Mr. Wau,

Mass spectrometry provides far more comprehensive information about the analytes, such as absolute quantification; speciation; and 3D structural determinations. To determine elemental composition by MS means to loss the largest part of the analytical qualitative, quantitative and structural information.

Please, consider the following work, together with the reference section therein. In other words, the soft-ionization methods are recommendable.

Article Electrospray ionization mass spectrometric solvate cluster a...

No. An FID detector uses combustion and an MS relies on fragmentation and ionization. RI (refractive index) is a liquid or solid physical function.

Thank you Bojidarka B. Ivanova and Bruce Neagle ; I was refering to "retention indices (RI)" derived via Kovats Retention Index. I am attempting to compare my data (RI) with the literature values and NIST database.

YES!

The retention index is not dependent on the type of detector used - as it is relative retention of n-alkanes.

best regards,

GB

Again no. RI is a function of your column, flow rates, gases, individual machine, and other chromatographic conditions. Thus, your value can vary considerably from literature values.

However, they are an indication of what you can achieve when you optimize your chromatographic conditions. You may obtain the same chromatographic profile (order of peaks) but have a different RI.

Mr. Wau,

The chromatography is no dough a powerful method, but when we are talking about relatively simple analytes from the perspective of molecular structure. For instance, complex structurally similar derivatives or enantiomers, fail to be determined unambiguously by chromatography.

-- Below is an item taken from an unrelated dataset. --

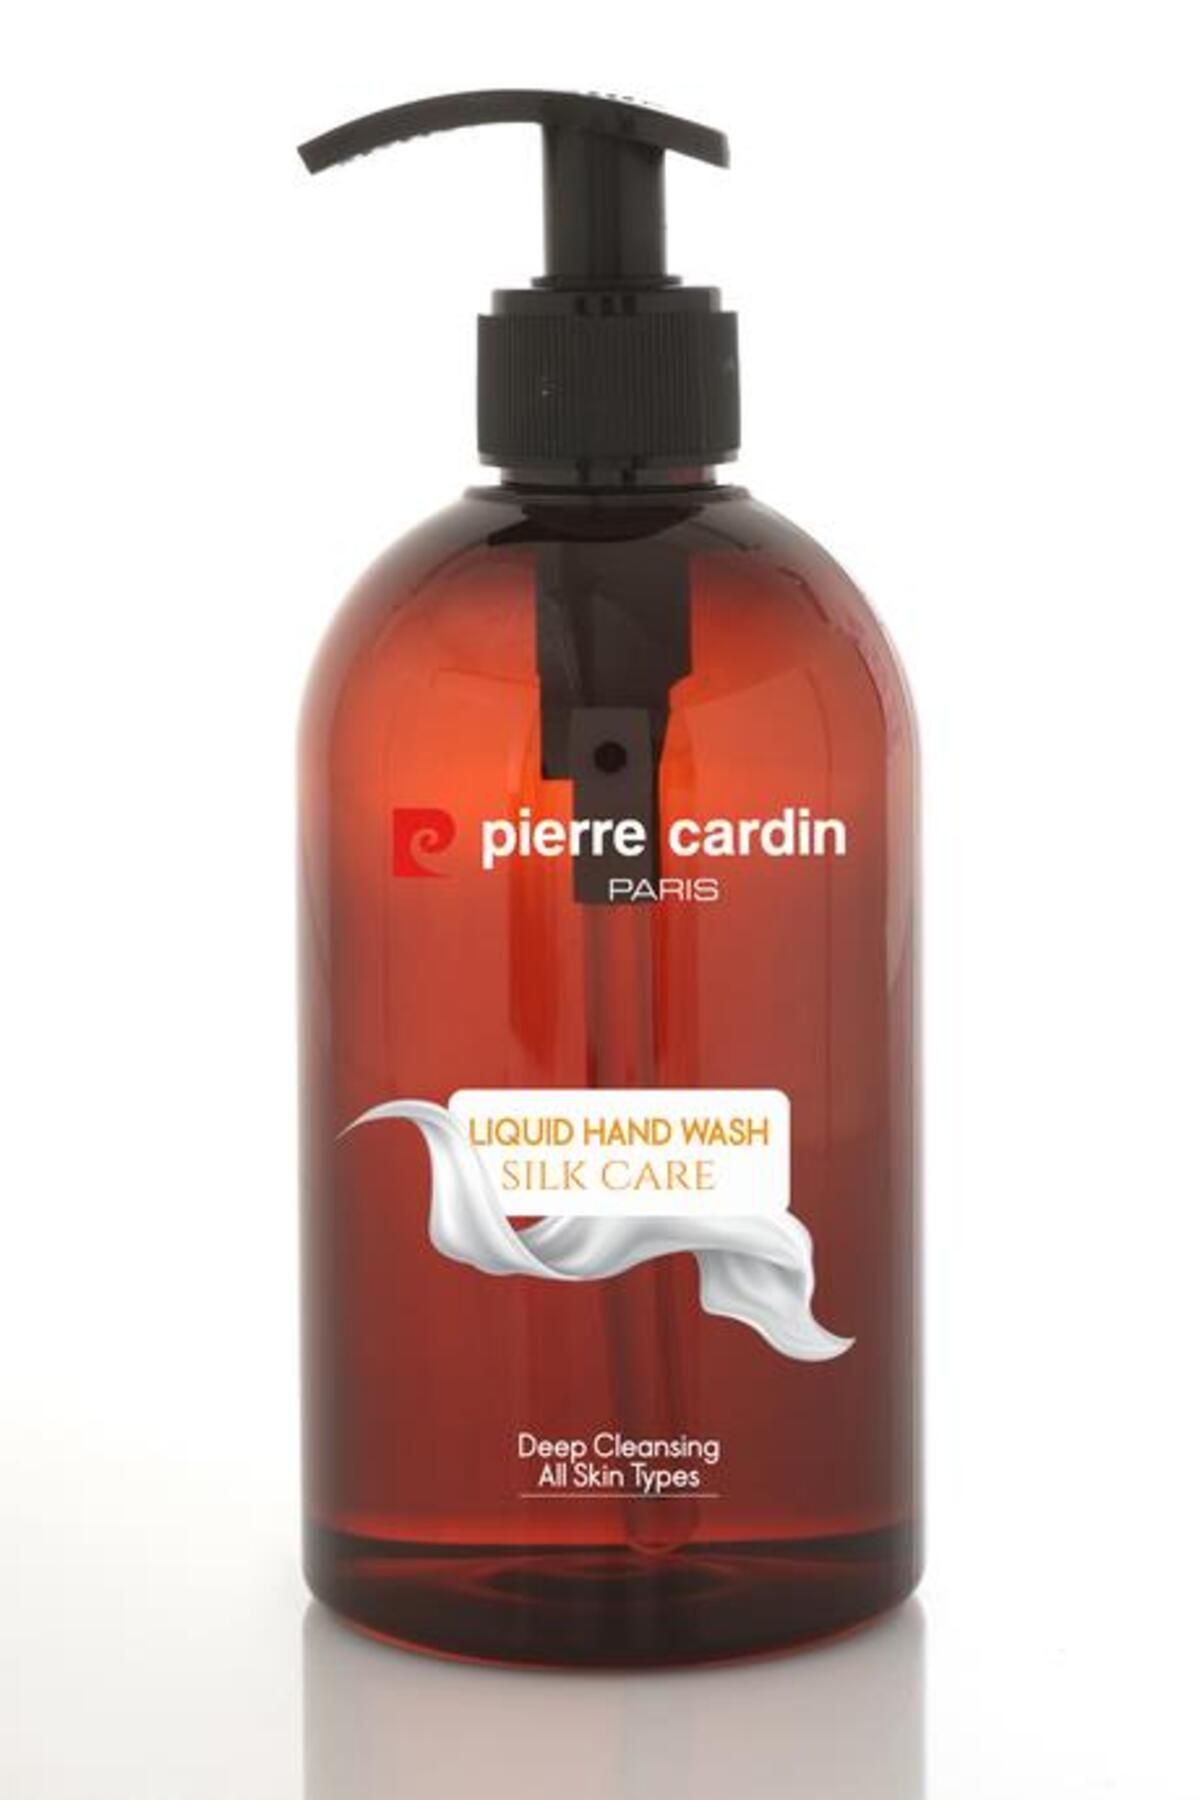 Pierre Cardin Liquid Hand Wash 480 ml – Silk Care - Sıvı Sabun - Ipek Bakım

Please, consider in this context this work (chapter 2.) It deals with MS quantification of steroids using the aforementioned approach developed by us.. It is well known that chromatography, for instance, fails to quantify highly reliably steroids.

So, efforts on development of chromatographic protocols, for complex molecules are in general, no sense. Conversely, the new methodologies in the soft-ionization MS methods provide remarkable method performances. For instance, the analysis of steroid shown in the next book has shown r = 0.99995.

There is a short presentation of the book content, herein: https://zenodo.org/record/3606820

Book QUANTITATIVE RELATIONS AMONG TEMPERATURE, ANALYTE CONCENTRAT...

Bruce said "No" and "Yes" at the same time. For a specific instrument your retention index should be consistent regardless of whether the detector is a MSD or a FID. ON THE OTHER HAND if you shift to a different instrument even with the same column and type of detector the retention index may shift.

Thus, many chemists use 'relative retention times' (RRT).

Dear Friends

Retention index will not change if you use different instrument!

Retention index on specific column will be the same here and if somebody in China will buy same column also there th retention index will be the same for example 1511. It is confirmed by several test methods used for gasoline characteristics. Please check the DHA method.

Regards

GB

Yes whatever your type of detector (FID, MS, ECD, NPD...), the RI will be the same as long as you are using the same column and a linear programming of the oven temperature.

In summary, here are some precautions to take:

- Keep the same type of column (DB5, DB1 etc., same brand, etc.)

- If you are working with an external calibration (e.g. with a reference of alkanes or ethyl esters etc.), depending on the type of your column (polar or non polar), analyse more or less often your reference of indices. If you are working on pretoleum products, the alkanes are inside..

- Use a progressive alkanes reference (E.g. with C11 and just after C12 and after C13, not

C11 and then after C18 and C23 etc.).

- Use a linear temperature ramp during product elution (do not use steps).

The little differences you could find between your own database and a NIST are usually due to the little differences of the chemical phase between your column and the one use to create the NIST db (brand, quality of the column...).

That's why if you want to increase the quality of the compound identification, the best solution is to cross the identifications obtained on a polar column and those on a non polar column with 2 databases of compounds.

Retention Index of a chemical compound is independent of analytical conditions whereas retention time will change with conditions. The RI will remain always a constant on a given stationary phase and can change when the stationary phase is changed. We establish the RI of a compound with the help of n-alkane standards and it is a more authentic way of identifying a compound rather than identifying it on the basis of RT.

You can ask this to SAIF expert in India. About SAIF see details on internet.

The type of detector makes no difference to retention index; it is a property of the analyte on a particular stationary phase under a particular set of chromatographic conditions. Anyone who says otherwise is wrong. Anyone who addresses the differences in the information generated by an MS and an FID is not answering the question.

As Peter points out, the original question is not thought out and demonstrates a lack of understanding of the analytical techniques used. Both FID and MS detectors have nothing to do with questions about retention index, nothing. RI is related to methods, not detectors. Detector choice is not relevant.